We are on hbase 2.4.17 and are encountering an issue where a region server will 
have a great many of its handlers "stuck", in the sense that they are shown as 
active but nothing is really happening.

It looks similar to https://issues.apache.org/jira/browse/HBASE-28494 , though 
I am not exactly sure.
We have checked our HDFS and it looks fine and is not particularly busy.
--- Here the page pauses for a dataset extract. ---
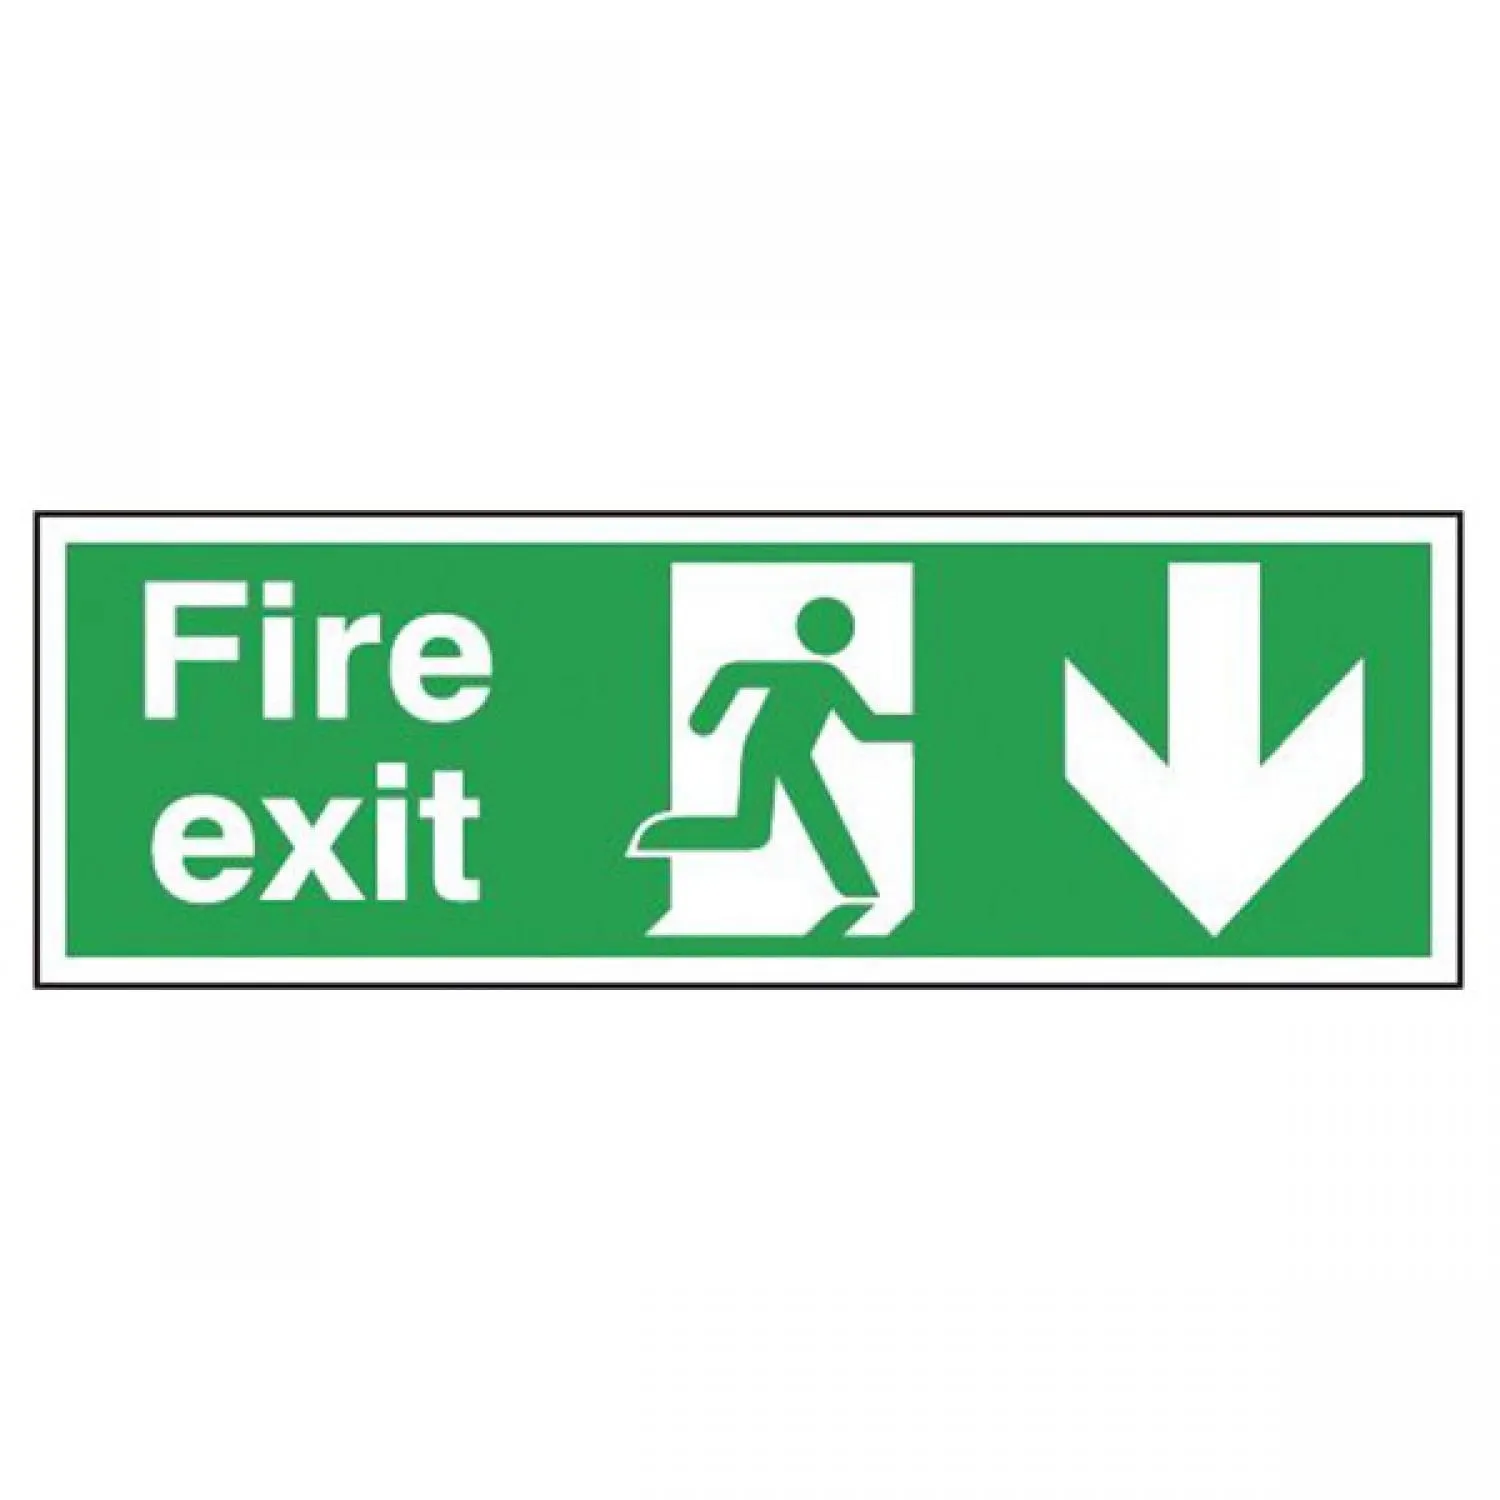 Rigid Site Safety Sign - Fire Exit Running Man (Arrow Down) 150x450mm

    <name>hbase.wal.provider</name>
    <value>multiwal</value>
    <name>hbase.wal.regiongrouping.numgroups</name>
    <value>2</value>

It seems to start with this error:

2024-11-07 16:31:31,594 ERROR [MemStoreFlusher.7] regionserver.MemStoreFlusher: 
Cache flush failed for region xxx
org.apache.hadoop.hbase.exceptions.TimeoutIOException: Failed to get sync 
result after 300000 ms for txid=802200, WAL system stuck?
        at 
org.apache.hadoop.hbase.regionserver.wal.SyncFuture.get(SyncFuture.java:171)
        at 
org.apache.hadoop.hbase.regionserver.wal.AbstractWAL.blockOnSync(AbstractWAL.java:246)
        at 
org.apache.hadoop.hbase.regionserver.wal.AsyncFSWAL.sync(AsyncFSWAL.java:690)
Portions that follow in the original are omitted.